200 anni fa nasceva Walt Whitman: in “Foglie d’erba”, tutta l’anima del mondo
Il 31 maggio 1819 nasceva, in una piccola cittadina di Long Island, Walt Whitman: il “primo vero poeta americano”. La sua opera più famosa, “Foglie d’erba”, ha cambiato per sempre il volto della letteratura d’oltreoceano: trascendendo se stessa, con Whitman la parola si è trasformata in un oracolo bifronte, capace di unire individuo e società in un connubio mistico che è vita, esistenza, poesia stessa. In duecento anni, quelli trascorsi dalla sua nascita, molti grandi poeti e narratori sono partiti da qui: da Walt Whitman, e dalle sue poesie, “le poesie dell'intimità notturna, di uomini come me, (…) che tutti gli uomini portano con sé”.
“Io celebro me stesso, io canto me stesso, e ciò che io suppongo devi anche tu supporlo perché ogni atomo che mi appartiene è come appartenesse anche a te”: inizia così “Song of Myself”, uno dei poemi più emblematici della raccolta “Foglie d’Erba”, quasi un manifesto programmatico di tutte le opere a venire. Non è un caso, infatti, che nelle innumerevoli revisioni ed edizioni della sua opera principale (che Whitman riscrisse, aggiungendo sempre nuovi versi, fino agli ultimi anni di vita) questa poesia sia rimasta sostanzialmente invariata fin dalla prima apparizione della raccolta.
Le voci proibite parlano, attraverso Whitman
Cantando se stesso, le sue sensazioni, i suoi amori e le sue divinità, Whitman ha sempre in qualche modo parlato degli altri uomini: “In ogni persona ritrovo me stesso, non uno che mi superi, non uno che valga un chicco d'orzo di meno, e il bene e il male che dico di me lo dico pure di loro”, arrivando così a parlare della società, del proprio tempo, e dell’umanità tutta senza tempo.
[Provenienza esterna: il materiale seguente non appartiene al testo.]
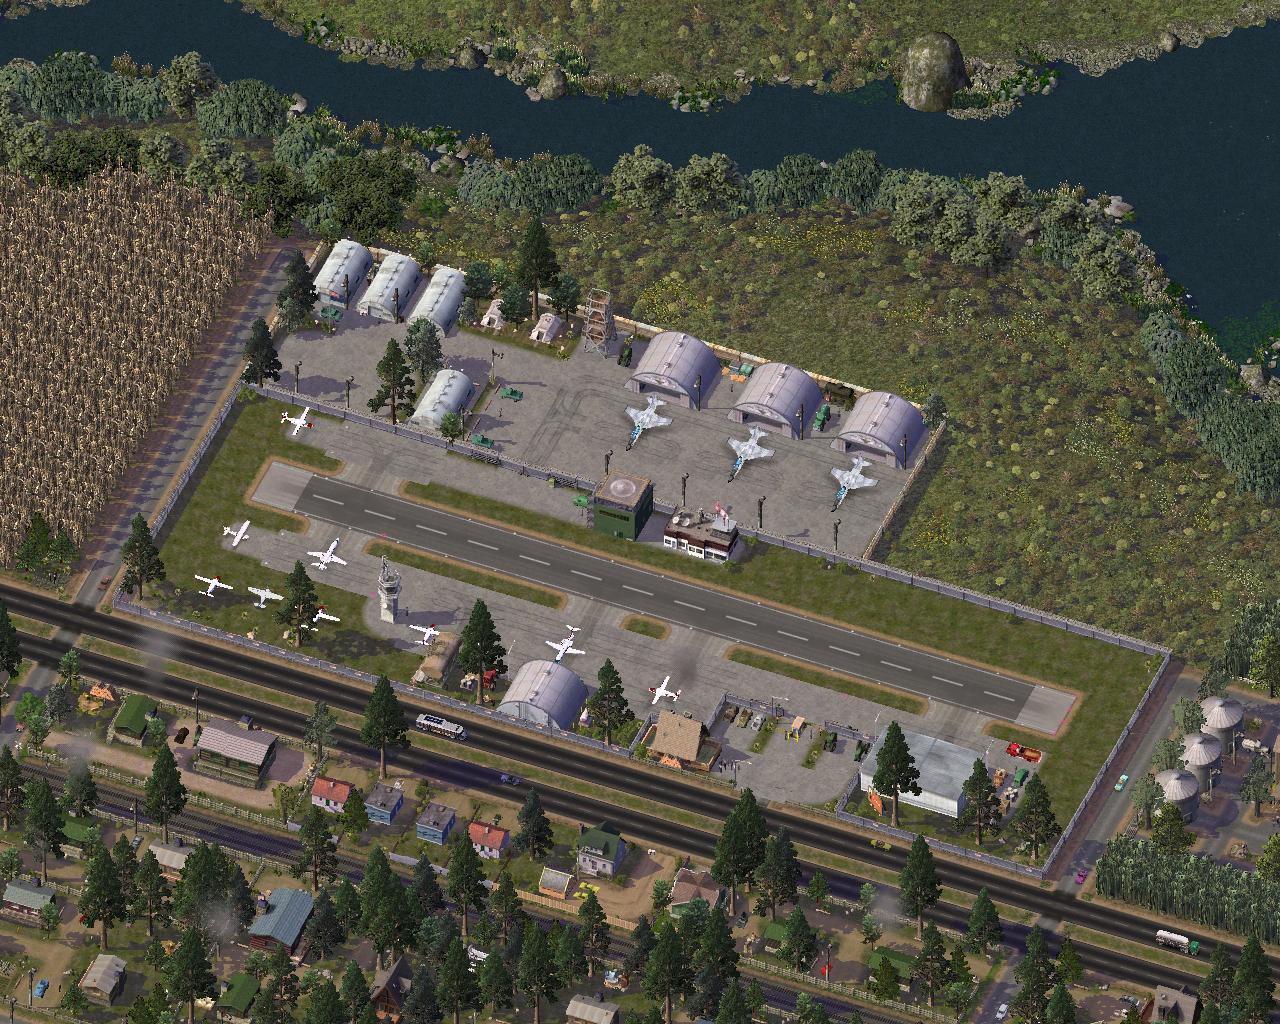 passenger station | Screwpile Developments

E fu soprattutto attraverso gli ultimi che Walt Whitman riuscì ad esprimere appieno il suo stile vagabondo, che ha attraversato tutte le geografie umane.
Per mezzo mio le molte voci a lungo silenti, voci dell'interminabile generazione di prigionieri e di schiavi, voci degli ammalati, dei disperati, dei ladri, dei contraffatti aborti, voci dei cicli di preparazione e accrescimento, e dei fili che legano le stelle, degli uteri e della linfa paterna, e dei diritti di quelli che altri calpestano sotto i piedi, dei deformi, degli uomini volgari, idioti, sciocchi, disprezzati, nebbia nell'aria, scarabei che rotolano la loro pallottolina di sterco. Per mezzo mio le voci proibite, voci di sesso e lussurie, voci velate cui io rimuovo il velo, voci indecenti, da me schiarite e trasfigurate.
Foglie d’erba: l’anima del mondo
Ogni cosa, nella poesia di Walt Whitman, si trasfigura e diventa solenne: i corpi, e l’anima, l’amore e il sesso, Dio e l’ultimo degli uomini, la natura, e perfino le foglie d’erba. E proprio su di loro, su quelle "Leaves of Grass", Whitman trascorrerà gran parte della sua vita: dal 1855 fino all'anno della morte, nel 1892, il poeta lavorò incessantemente per ampliare, modificare, approfondire l’opera che, più che una raccolta, è un’enciclopedia di un’anima irrequieta.
Che cos'è l'erba?
Mi chiese un bambino portandomene a piene mani;
come potevo rispondergli?
Non so meglio di lui che cosa sia.
Suppongo che sia lo stendardo della mia vocazione,
fatto col verde tessuto della speranza (…).